С удивлением я наблюдал за поведением самого Рейера. Казалось, он не замечал тысяч пар глаз, осуждающих его. Рейер часто беседовал с антифашистами, а еще чаще разговаривал с теми, кто не хотел отказываться от своих старых убеждений. Однажды я увидел его прогуливающимся со старшими офицерами. Они расхаживали взад и вперед за блоком «Б». Рейер что-то оживленно говорил, остальные молча слушали его.
В один прекрасный день состоялось общее собрание военнопленных лагеря. И тут выяснилось, что Рейер прибыл в наш лагерь как делегат подготовительного комитета, занимающегося созданием немецкого Национального комитета.
– Ого! – послышались выкрики.
– Комитет без нас!
Рейер не дал сбить себя с толку. Коротко он рассказал о своей жизни в плену и о катастрофическом ухудшении положения Германии после поражения на берегах Волги.
Рейер говорил, что каждый здравомыслящий немец, попав в эту переделку, понял, что час расплаты Германии близится. В лагере № 27 на общем собрании из числа военнопленных солдат и офицеров был образован подготовительный комитет, который и обратился со своим воззванием к товарищам в Елабуге.
Докладчик прочитал небольшой отрывок из этого воззвания:
– «Ни один здравомыслящий человек в настоящее время уже не сомневается в том, что поражение Германии неизбежно.
Это поражение будет для нашего народа уничтожающим, если все честные и здравомыслящие немцы не остановят Гитлера и собственными силами не покончат с этой разбойничьей войной прежде, чем наступит военный крах Германии.
Время не ждет. Каждый день войны требует от Германии новых и новых жертв, которых мы можем и должны избежать.
Немецкий народ измучен, истощен, он устал от этой войны. Он хочет и требует мира».
– Кто должен заключить этот мир? – спросил Рейер. – Никто, разумеется, не думает, что это сделает Гитлер. Войну можно закончить, лишь свергнув гитлеровский режим. Если же народ пустит события на самотек, тогда наше национальное положение будет еще хуже.
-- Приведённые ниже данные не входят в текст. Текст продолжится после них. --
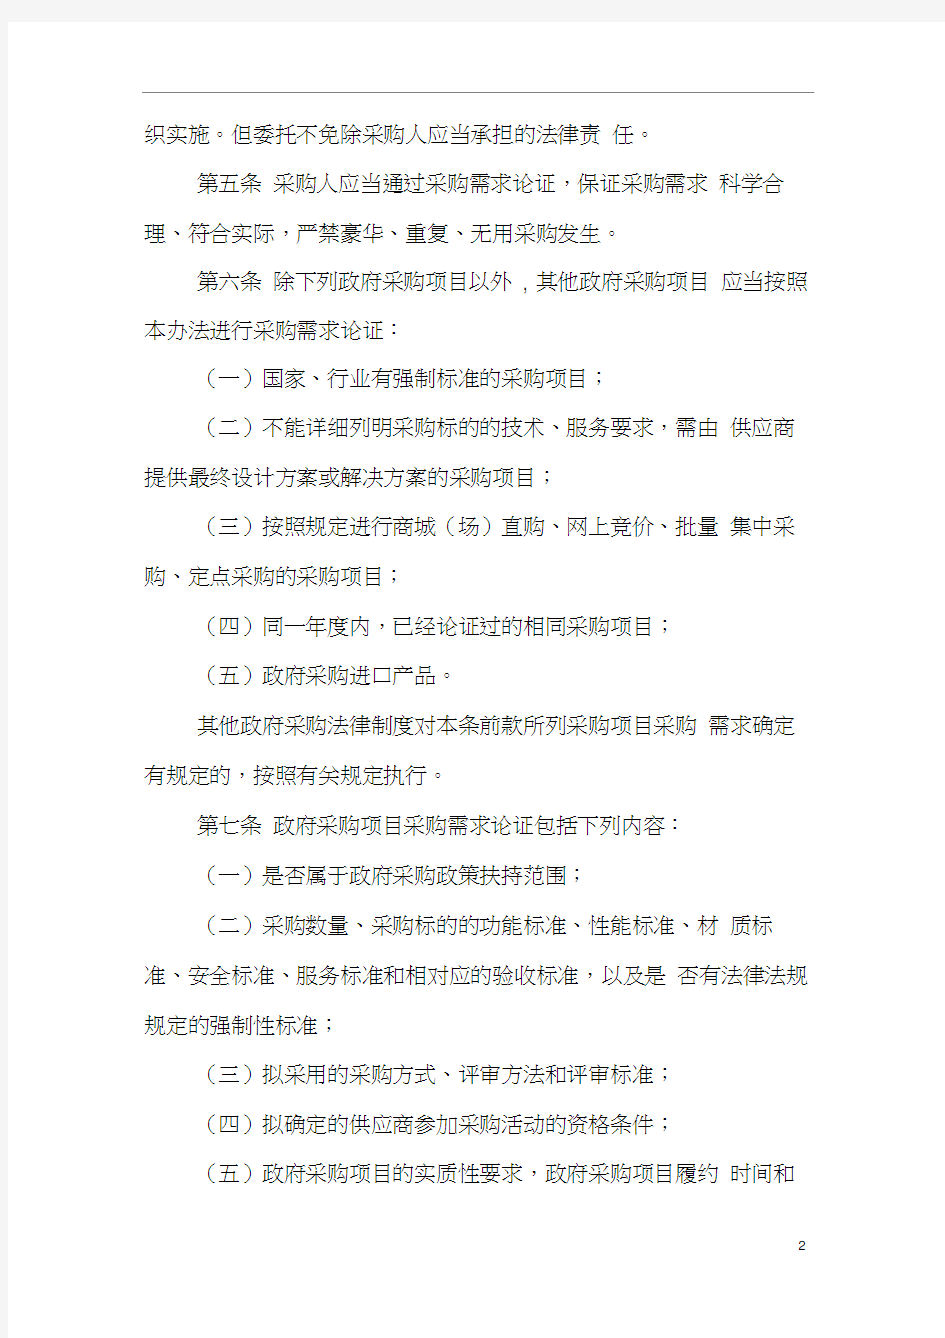 《四川省政府采购项目需求论证和履约验收管理办法》(2015征求意见稿)模板

Настало время, когда Германия должна признать свою вину. Мы должны доказать, что сами вынесли приговор гитлеровскому режиму…
Все на какое-то время притихли, а когда докладчик начал зачитывать имена тех, кто подписался под воззванием, оживились и зашумели. Он назвал фамилии Вайнерта, Бехера, Маале, Пика, Ульбрихта и фамилии некоторых пленных: Эшбозан, Хадерман, Кюгельман, Штресов.
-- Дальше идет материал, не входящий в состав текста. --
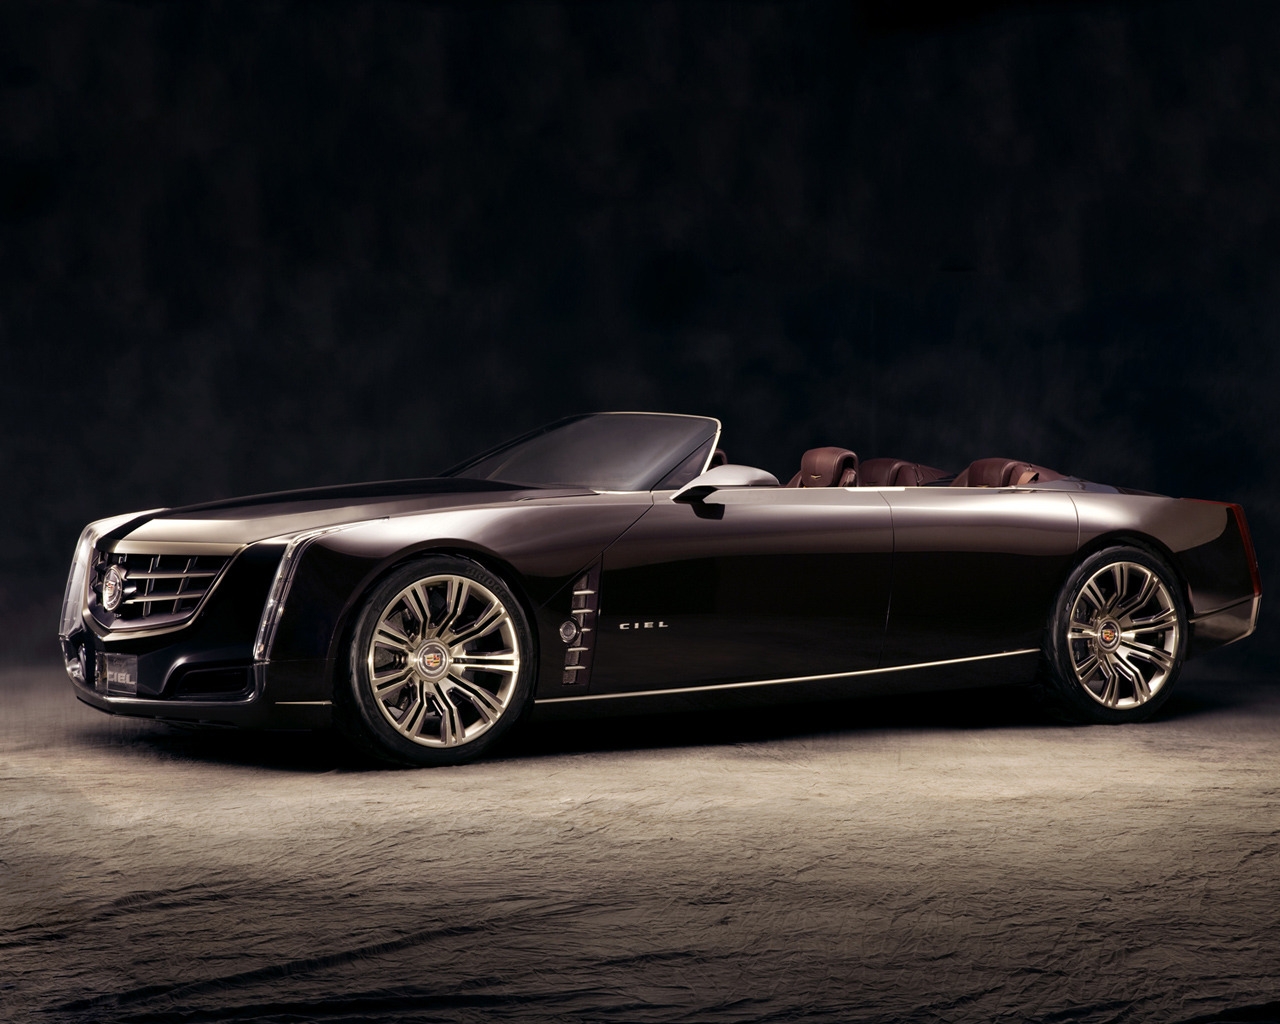 2011 Cadillac Ciel for 1280 x 1024 resolution

«Вайнерт, – осенило вдруг меня. – Так ведь это он был автором листовки, которую я нашел в Воропаново! А д-р Хадерман? Ведь это же тот самый капитан, которого я знал как умного и решительного человека. Во всяком случае, последовательности этим людям не занимать!»
Рядом со мной сидел врач-офицер. Эти фамилии никакой симпатии у него не вызвали.
– Пятеро из них – коммунисты, четверо – солдаты! Вот так-то! Все это рассчитано на простачков.